Plus largement, le développement des outils, avec les informations qu’ils génèrent, constitue un véritable défi pour les entreprises. Elles doivent passer de l’usage d’outils à des pratiques sociales générant des interactions entre les personnes. Les outils peuvent souvent y aider, mais peuvent aussi être un obstacle. Toute l’organisation du travail est appelée à connaître une profonde transformation vers le collaboratif, c’est-à-dire savoir travailler en équipe et pour l’équipe. Ce sont les logiques développées par les wikis. Au-delà de l’échange et des individualités, chacun va participer à un même objectif et à la production d’une œuvre commune.

E & C : Vous estimez que la fonction RH est appelée à jouer un rôle central dans l’accompagnement de ces mutations. Pour quelles raisons ?

F. S. : La fonction RH doit progressivement délaisser son approche actuelle, fondée sur la gestion individuelle et le développement des compétences, pour prendre un rôle d’architecte ou d’urbaniste des relations et des interactions dans l’entreprise. En effet, la virtualisation toujours plus forte dans les échanges entre les salariés pose de façon aiguë la question des comportements et de la finalité des outils mobiles : à quoi servent-ils ? Que permettent-ils de construire ? Comment rendre possibles des relations de qualité, même à distance ? Quelles nouvelles règles du jeu mettre en place pour assurer un partage et une circulation de l’information respectueux des uns et des autres ? Mais surtout, ces outils permettant d’obtenir des informations très personnelles et de les croiser avec d’autres, leur utilisation comporte des risques potentiels pour l’intégrité de la personne. De nouvelles questions éthiques sont en train d’apparaître, comme l’irruption des technologies dans le secteur de la santé au cours des années 1970, qui a nécessité de nouveaux débats, des règles, des lois et de nouvelles démarches. La bioéthique en a été l’expression.

E & C : Vue sous cet angle, cette responsabilité paraît considérable.

F. S. : Si la fonction RH ne prend pas en main ces enjeux, qui le fera ? Ces questions sont totalement inédites. Tous nos modes de pensée sont structurés par l’idée que le fonctionnement d’une entreprise est rationnel. Les managers s’appuient aujourd’hui sur des méthodes permettant d’atteindre des objectifs, de les mettre en place comme de les suivre.

Or, la raison comme unique principe organisateur a largement montré ses limites. C’est la dimension du pathos, de l’émotion qu’il s’agit de réintégrer dans l’entreprise.

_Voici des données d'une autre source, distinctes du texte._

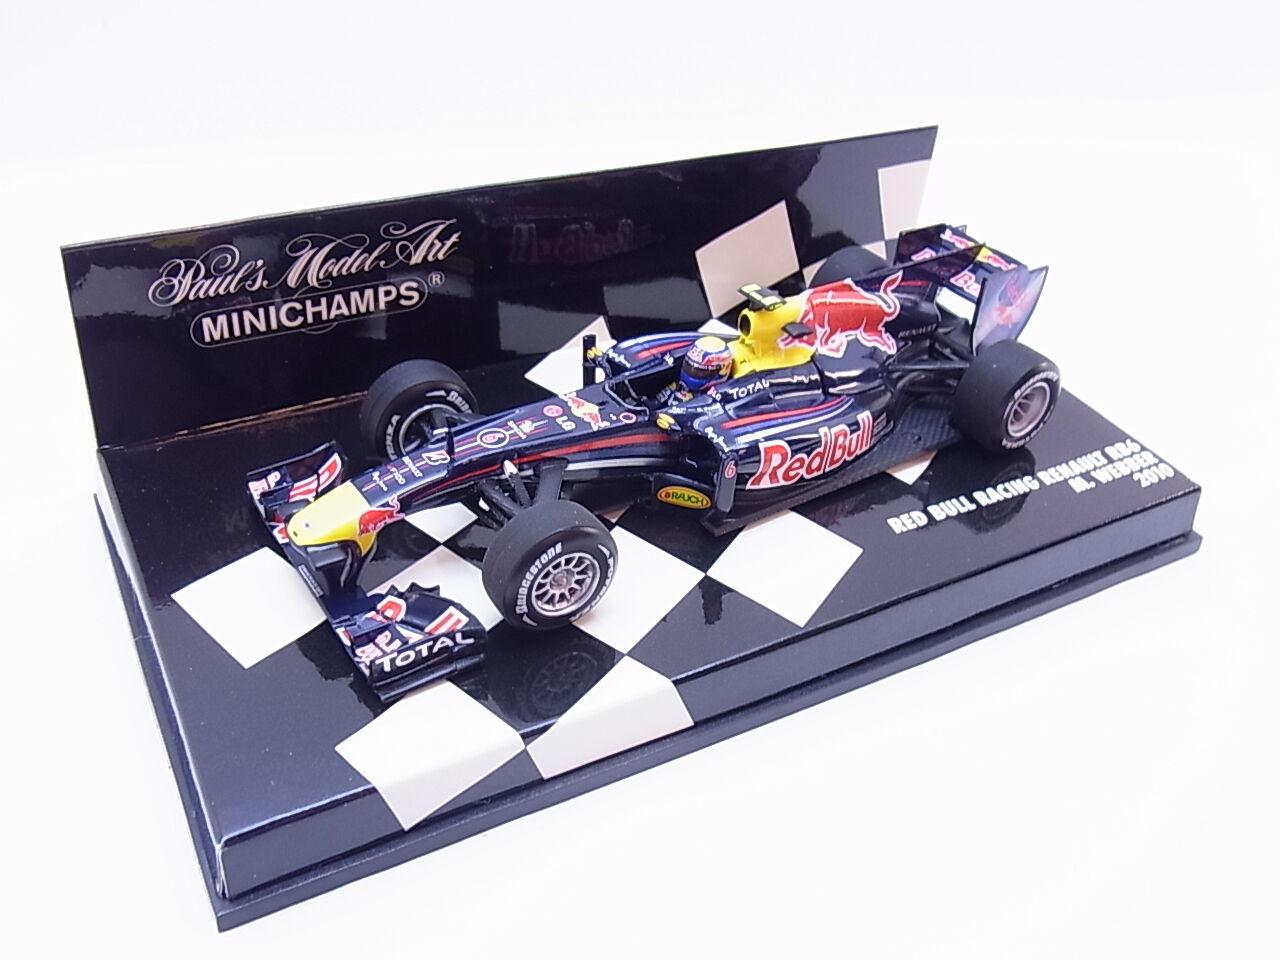 Lot 26224   MINICHAMPS 410100006 rouge Bull Racing Renault M WEBBER 2010 1 43 neuf dans sa boîte

Il est donc nécessaire de développer les capacités d’écoute et d’empathie de chacun et, en premier lieu, celles des managers. Cela signifie que les entreprises doivent elles-mêmes faire émerger de nouvelles pratiques et expérimenter de nouvelles formes d’organisation du travail. La fonction RH doit adopter un rôle d’accompagnement des collectifs de travail, de médiation et de régulation entre les acteurs. Ce n’est qu’à cette condition que les entreprises réussiront la mutation culturelle qui va être exigée de leurs salariés. C’est en parvenant à combiner le “travailler ensemble” au “vivre ensemble” que l’on crée les conditions d’un travail collaboratif efficace. La postmodernité est justement l’expression de l’émergence de ce nouveau monde. Et la transition que nous vivons actuellement n’est pas de tout repos.

PARCOURS

• François Silva est directeur de l’Institut des nouvelles pratiques managériales de FBS (France Business School) et professeur associé au Cnam. Docteur en sociologie, il dirige des projets européens de recherche sur les thématiques relatives aux nouvelles formes d’organisation du travail et à la RSE.

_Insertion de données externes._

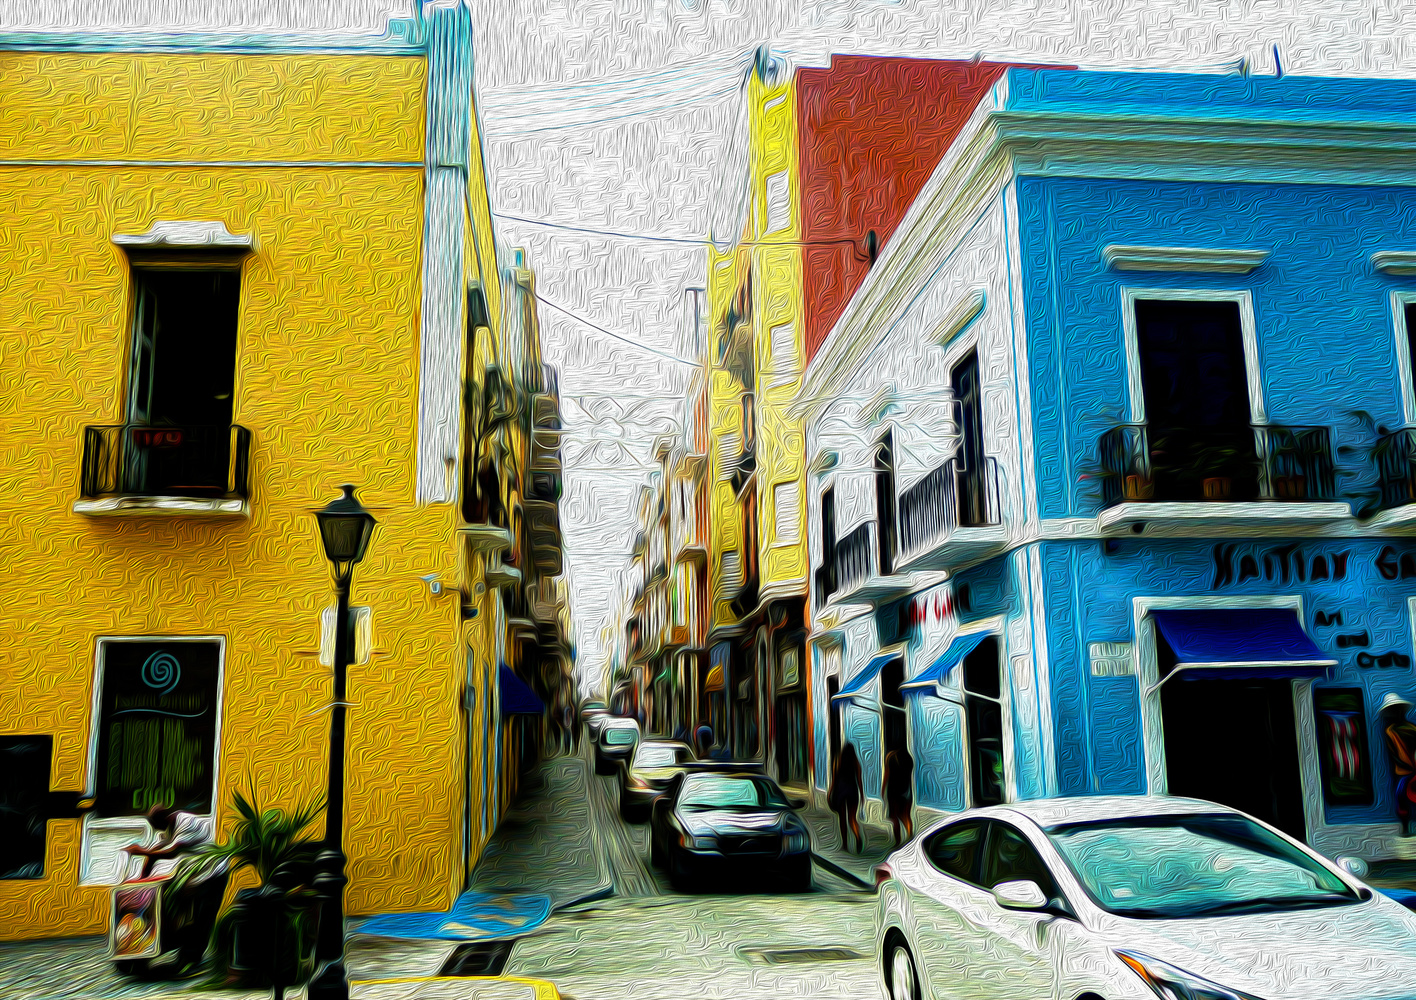 Streets of San Juan by Rohit Burra

• Il préside la commission SIRH-Numérisation de l’entreprise à l’ANDRH.

• Il est l’auteur de Être e-DRH, postmodernité, nouvelles technologies et fonction RH (éd. Liaisons, 2012).

LECTURES

• Refonder l’entreprise, Blanche Segrestin et Armand Hatchuel, Seuil, 2012.

• La cause humaine – Du bon usage de la fin d’un monde, Patrick Viveret, Les Liens qui libèrent, 2012.

• L’âge de l’empathie : leçons de la nature pour une société solidaire, Frans de Wall, Les Liens qui libèrent, 2010.

• La crise de la conscience européenne 1680-1715, Paul Hazard, LGF, Le Livre de poche, 1994.